1. At aerodromes where ATC service is provided and where lights are centrally controlled, the

lights of one runway shall remain lighted after take-off as long as is considered necessary

for the return of the aircraft due to an emergency occurring during or immediately after

take-off.

2. At aerodromes without ATC service or without centrally controlled lights, the lights of one

runway shall remain lighted until such time as would be required to reactivate the lights in

the likelihood of the departing aircraft returning for an emergency landing, and in any case

not less than fifteen minutes after take-off.

3. Where obstacle lighting is operated simultaneously with runway lighting, particular care

should be taken to ensure that it is not turned off until no longer required by the aircraft.

(iii) Flight plans (6)

Ans: Flight plan: Specified information provided to air traffic services units, relative to an

intended flight or portion of a flight of an aircraft.

Flight plans are documents filed by pilots or a Flight Dispatcher with the local Civil

Aviation Authority prior to departure. Flight plan format is specified in the ICAO Doc 4444. They

generally include basic information such as departure and arrival points, estimated time en route,

alternate airports in case of bad weather, type of flight (whether instrument flight rules or visual

flight rules), the pilot's information, number of people on board and information about the aircraft

itself. In most countries, flight plans are required for flights under IFR, but may be optional for

flying VFR unless crossing international borders.

Flight plans are highly recommended, especially when flying over inhospitable areas, such

as water, as they provide a way of alerting rescuers if the flight is overdue. In the United States and

Canada, when an aircraft is crossing the Air Defense Identification Zone (ADIZ), either an IFR or a

special type of VFR flight plan called a DVFR flight plan must be filed (the "D" is for Defense).

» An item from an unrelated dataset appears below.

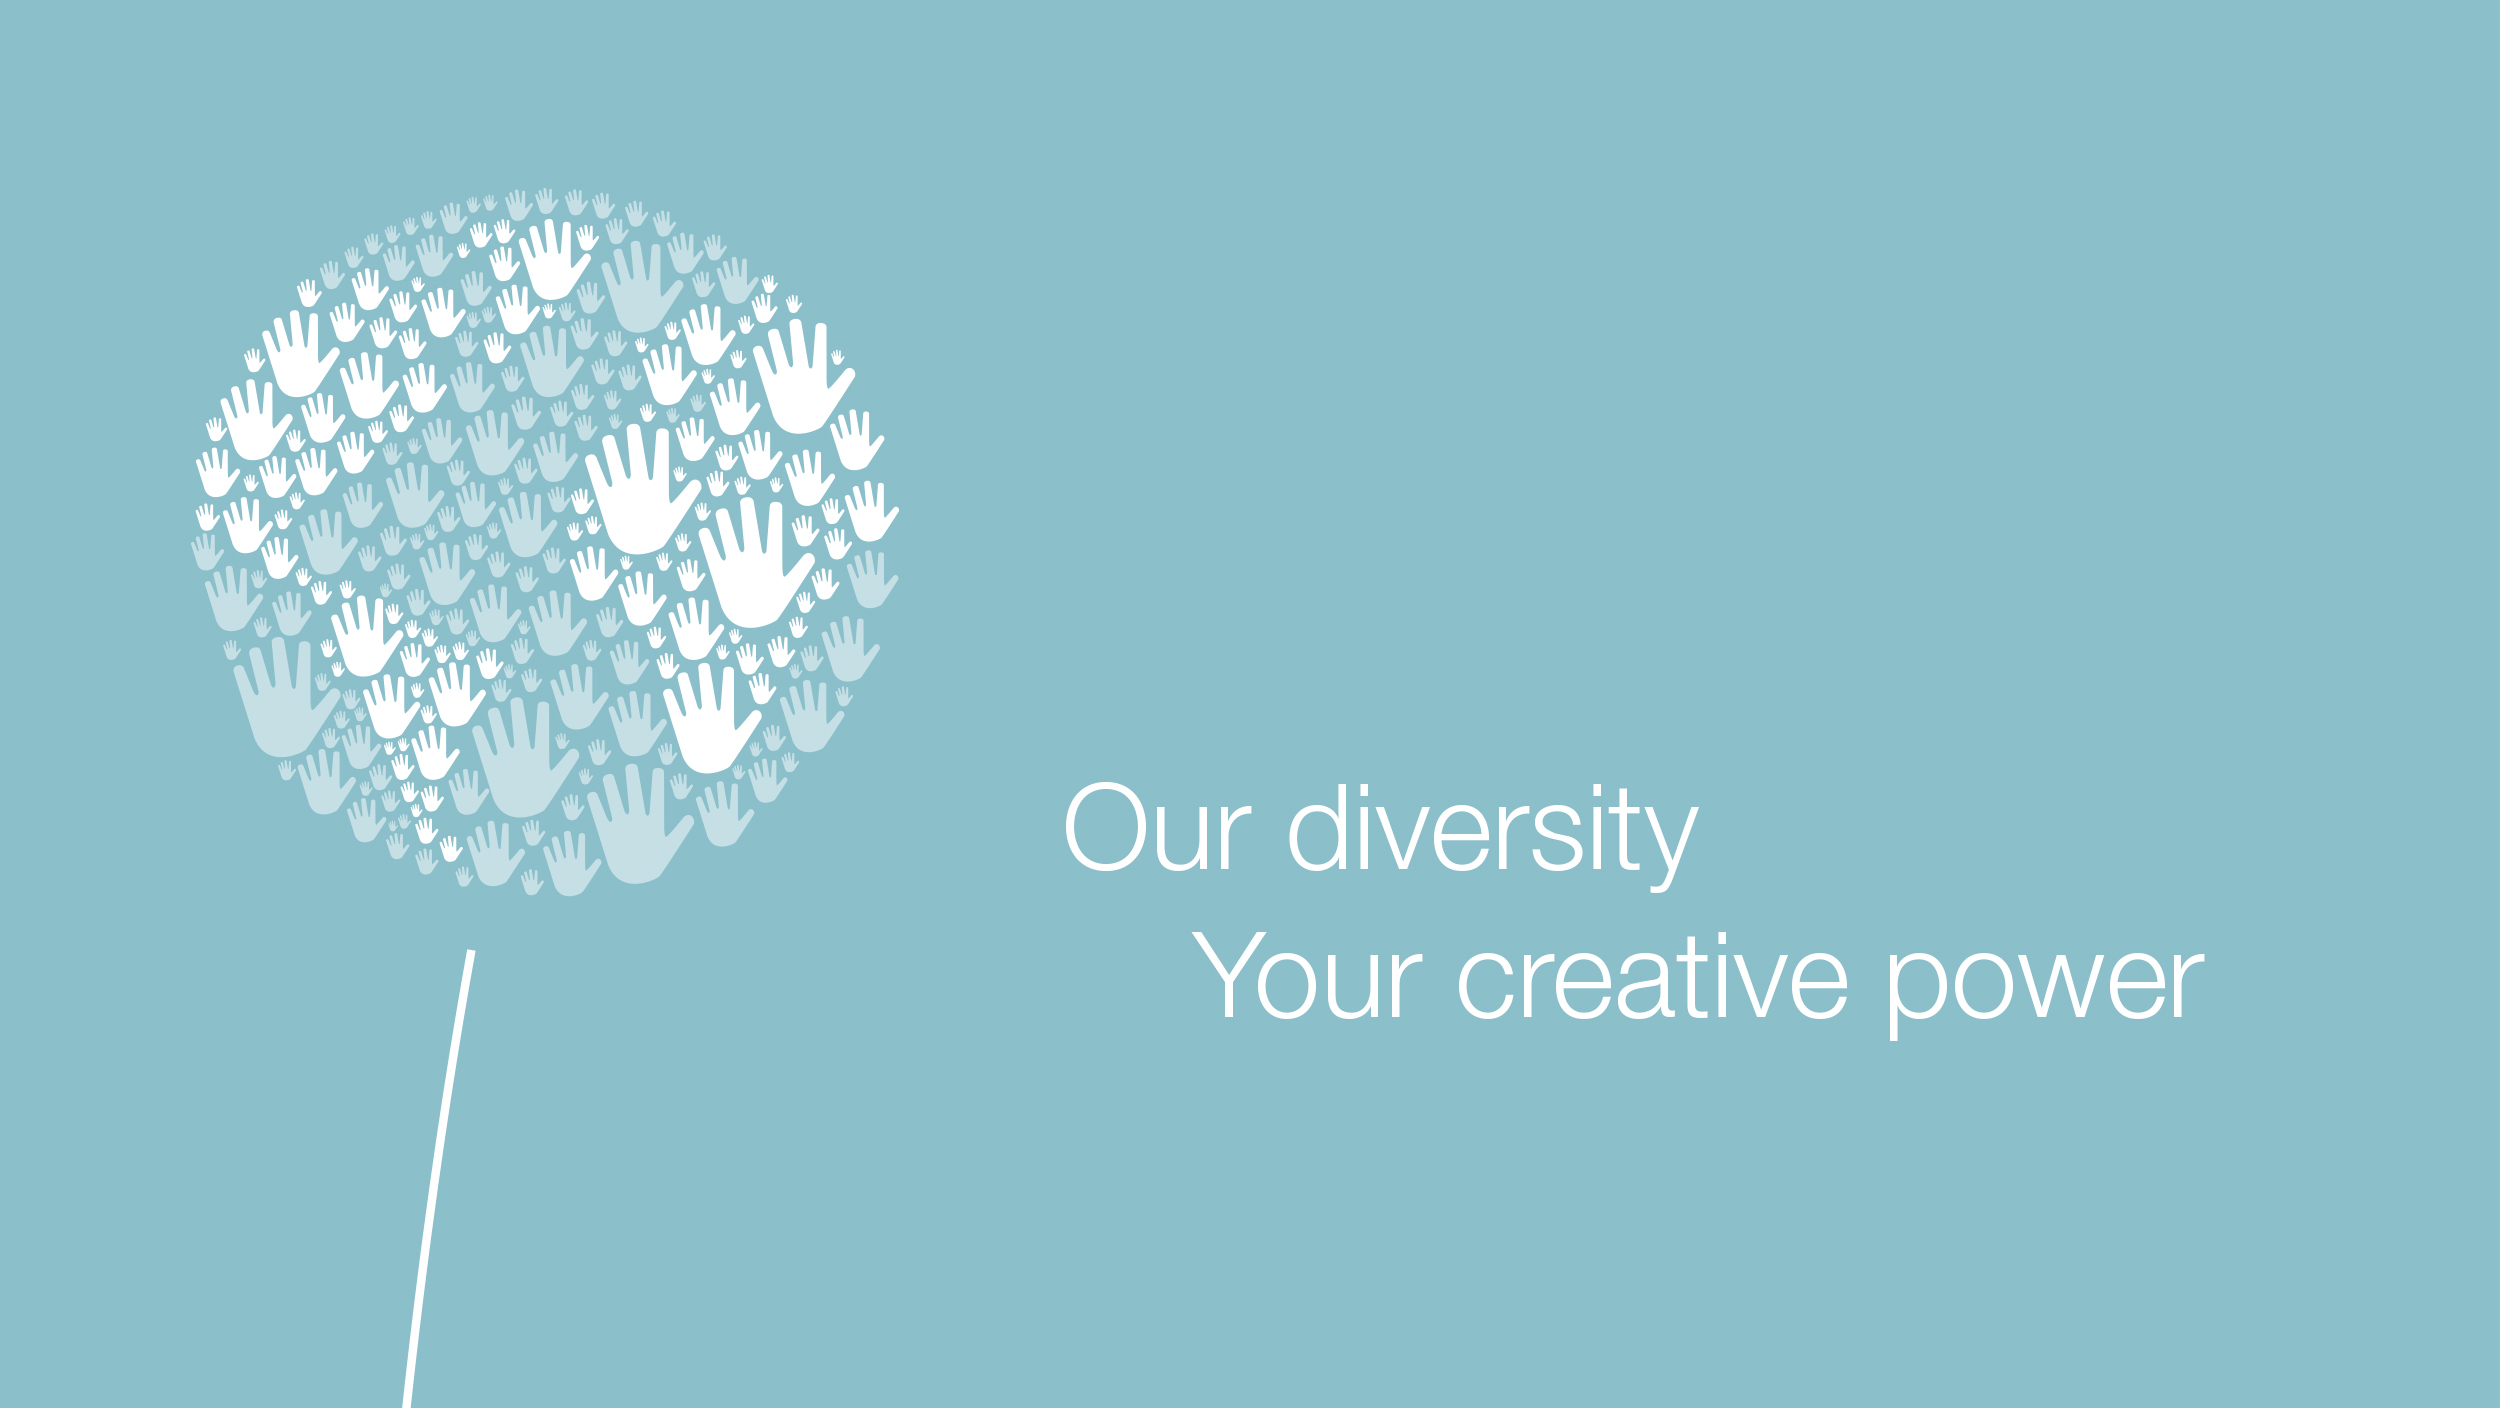 Svet je tvoja ostrica, kako kaže izreka: Naša raznolikost Vaša kreativna snaga

For IFR flights, flight plans are used by air traffic control to initiate tracking and routing

services. For VFR flights, their only purpose is to provide needed information should search and

rescue operations be required, or for use by air traffic control when flying in a "Special Flight Rules

Area".

Contents of a Flight Plan: The ICAO FPL form shall be used for the purpose of completing a flight plan prior to

departure or, in case the flight plan is submitted by telephone or tele-fax, the sequence of items in

the flight plan form shall be strictly followed.

The following information shall be included in the flight plan:

Aircraft Identification

Flight rules and type of the flight

Number of aircraft, type of aircraft and wake turbulence category

Equipment

Departure aerodrome

Estimated off-block time

Cruising speed

Level

Route

Destination aerodrome and total estimated elapsed time

Alternate aerodrome(s)

Endurance

Persons on board

Survival equipment

Pilot in command

Other information

If a flight is to cross a Finish state border, details of the entire flight to the destination

aerodrome shall be submitted in the flight plan.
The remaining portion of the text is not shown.